The tasks assigned to Aris create a familiar rhythm of ritualization that prominently dominated Dogtooth or L. Nikou employs rituals as a formalistic device to ponder on pressing topics of identity, reminiscence, loss, and grief, hefty topics that have been rotating in world cinema recently as a symptom of larger diagnosis prevailing in society across the continents.
It is not solely the topic of Apples that distinguishes it from its predecessors. Despite the film rehashing the deadpan, acerbic, and absurdist poetics of the most recognizable Greek New Wave oeuvres, it is the Greek oddity guise that nudges Apples off the trodden path of identity crisis and grief-governed films.
It's a win-win result for an emerging director planning to cut a name alongside established auteurs while eschewing a somewhat epigone approach. Apples brings a pressing topic to the table and puts a fresh inventive spin on it, a good sign for a newcomer's career launch. (The Hollywood talent agency CAA signed Nikou when Apples went on sale in the Cannes virtual market).
Compared to the auteur style of Lathimos and Makridis, Nikou preserves the apparent veneer of a black and off-kilter dramedy. Although under the surface, Apples fails to reach the lacerating psychological and existential sadism of its cinematic forefathers.
A tiny snippet of melancho-sentimentality served in the closing twist throws Aris' ordeal into a more emphatic light. Apples ripen into a less perverted and more reversed version of Babis Makridis' grieve-com Pity trading meditation on identity for a license to mourn. It is that tiny spark of humanity that rewrites the story into a narrative deviating from the straightforward retro farce cabaret.
The quasi-genre spin that repackages the signature style and formalism of Greek cinematic eccentricities happens to be the welcomed novelty in Apples.

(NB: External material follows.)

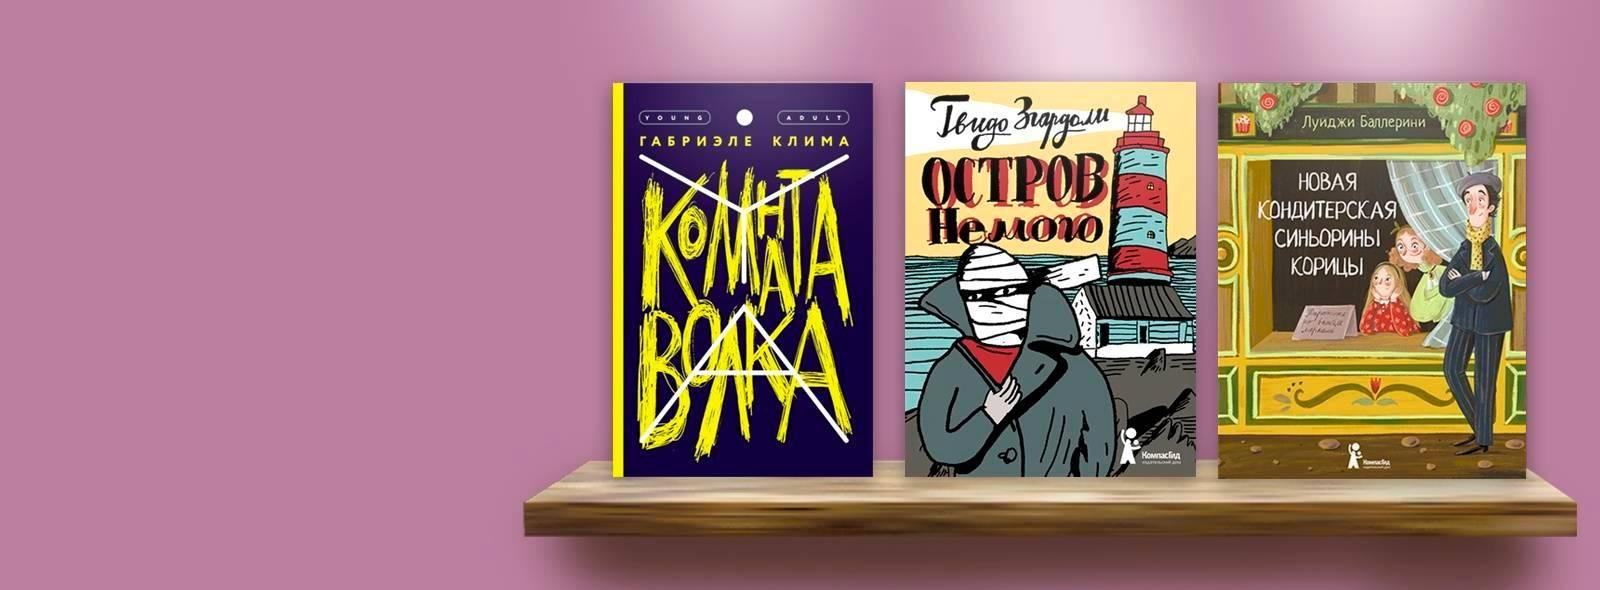 Felicita! Современная итальянская литература для детей и подростков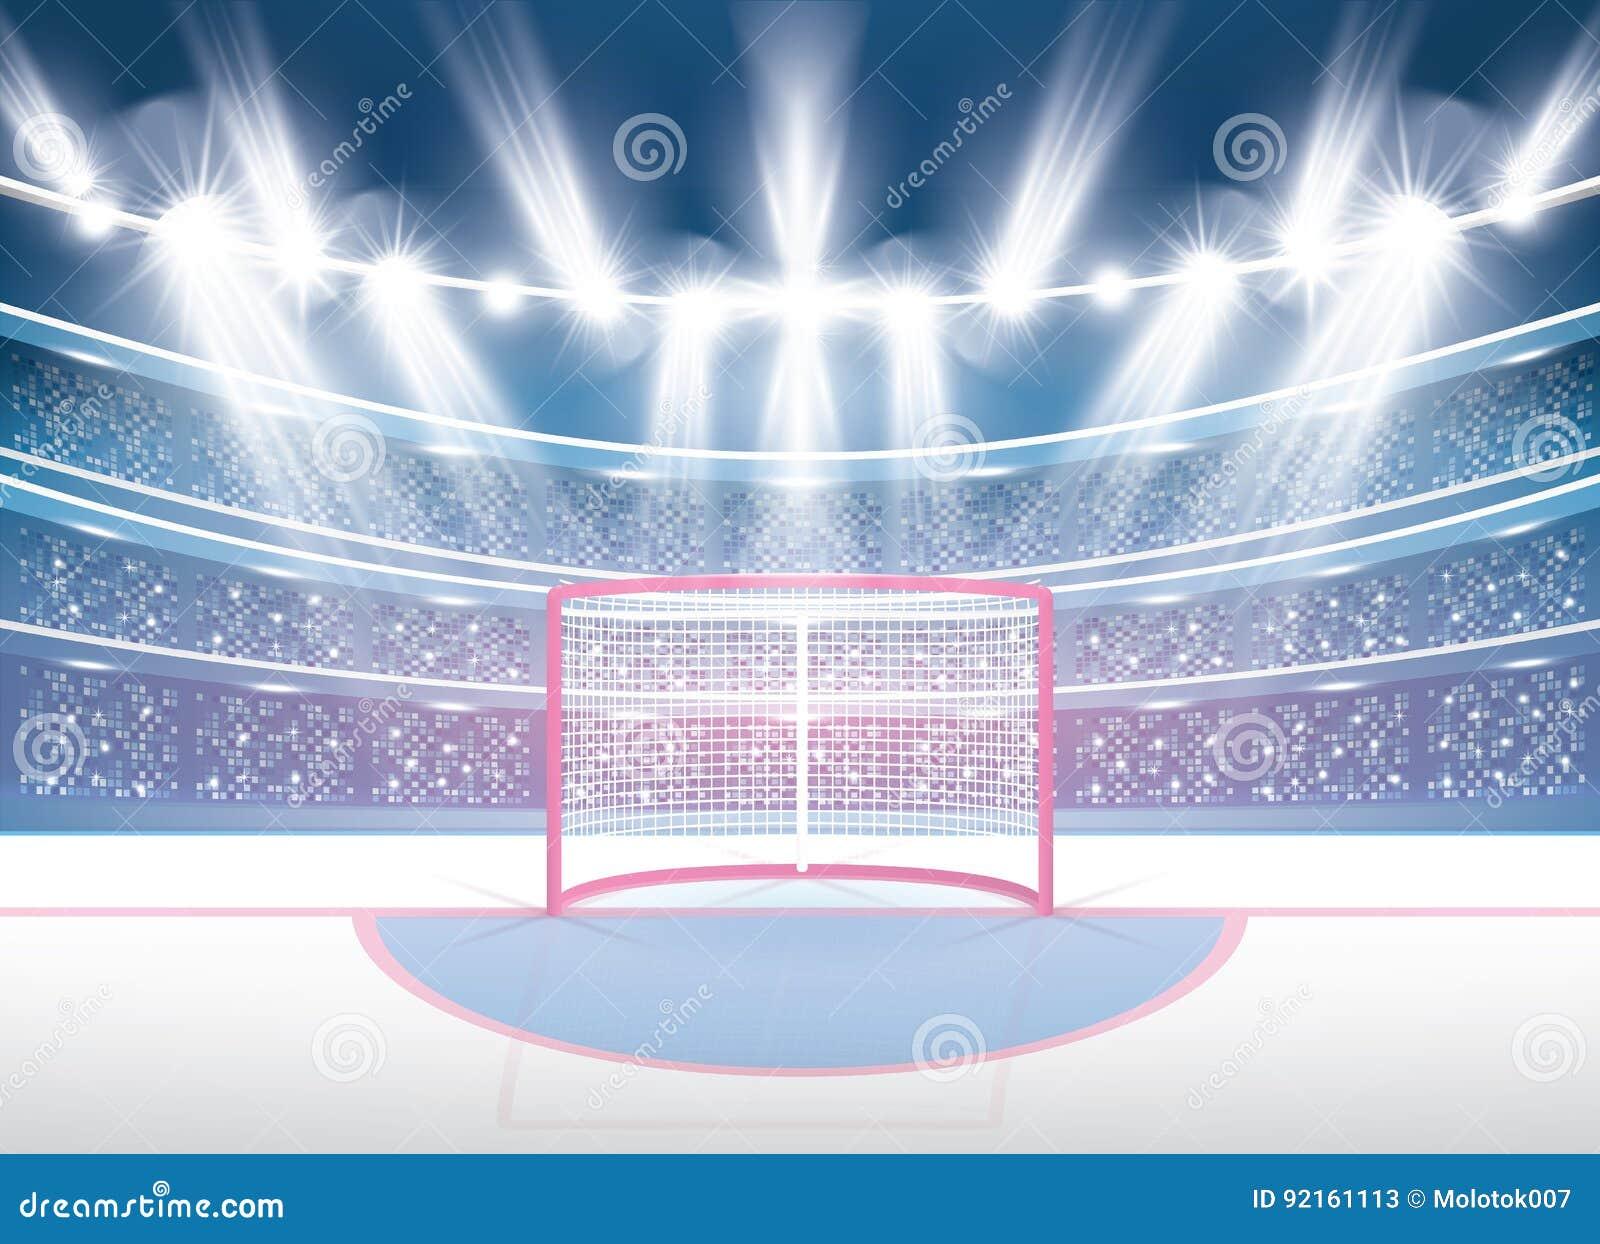 Στάδιο χόκεϋ πάγου με τα επίκεντρα και τον κόκκινο στόχο

Nikou utilizes the instantly recognizable poetics and trademarks of New Greek Wave as a ready-made aesthetics. His authorship contributes to reframing the trademark style into at least two strands of social commentary, although Apples despite the stark minimalism offers more allegorical interpretations.
The first line stems from the plot directly. As social media served as a platform re-construct personal identities to create a completely virtual and fictional one, Aris doesn't have this privilege. The strange case of his obliterated personality takes an analog process, most likely a result of mental breakdown.
The protagonist's bout of amnesia resembles a self-defensive mechanism, which may be a case for others. The trope of pandemics and indisputable existentialist undertones turns Apples into a tongue-in-a-cheek rendition of worn-out apocalyptic genre in retro-nostalgic coating.
The other line of interpretation relates directly to the world-building of the bygone era when time flew slowly, as mankind did not live under a constant barrage of information. As if possessing the charm of silent movies, the practically anachronistic nature of Apples creates conflicting pleasure of alienation and nostalgia. While they exert the effect ambiguously at once, soothing and abrasion of story and style operate consequentially, alternating between one another.
Apples is more than just a blast from the recent past in terms of the analog era and New Greek Wave. Nikou proceeds naturally to a generation evolution pushing the formalism to new territory while reducing the shock-therapy impact without betraying the dark comedy roots of his cinematic ancestors. The director is eating the apple of New Greek Wave and having it too. It is a fantastic encore of admired cinema that seemed exhausted and its generational expansion.
The film Apples heralds the arrival of new talent. Nikou is already working on his follow-up project, Fingernails, an English-language feature being prepared with his Apples' writing partner Stavros Raptis, working alongside Manchester playwright and screenwriter Sam Steiner.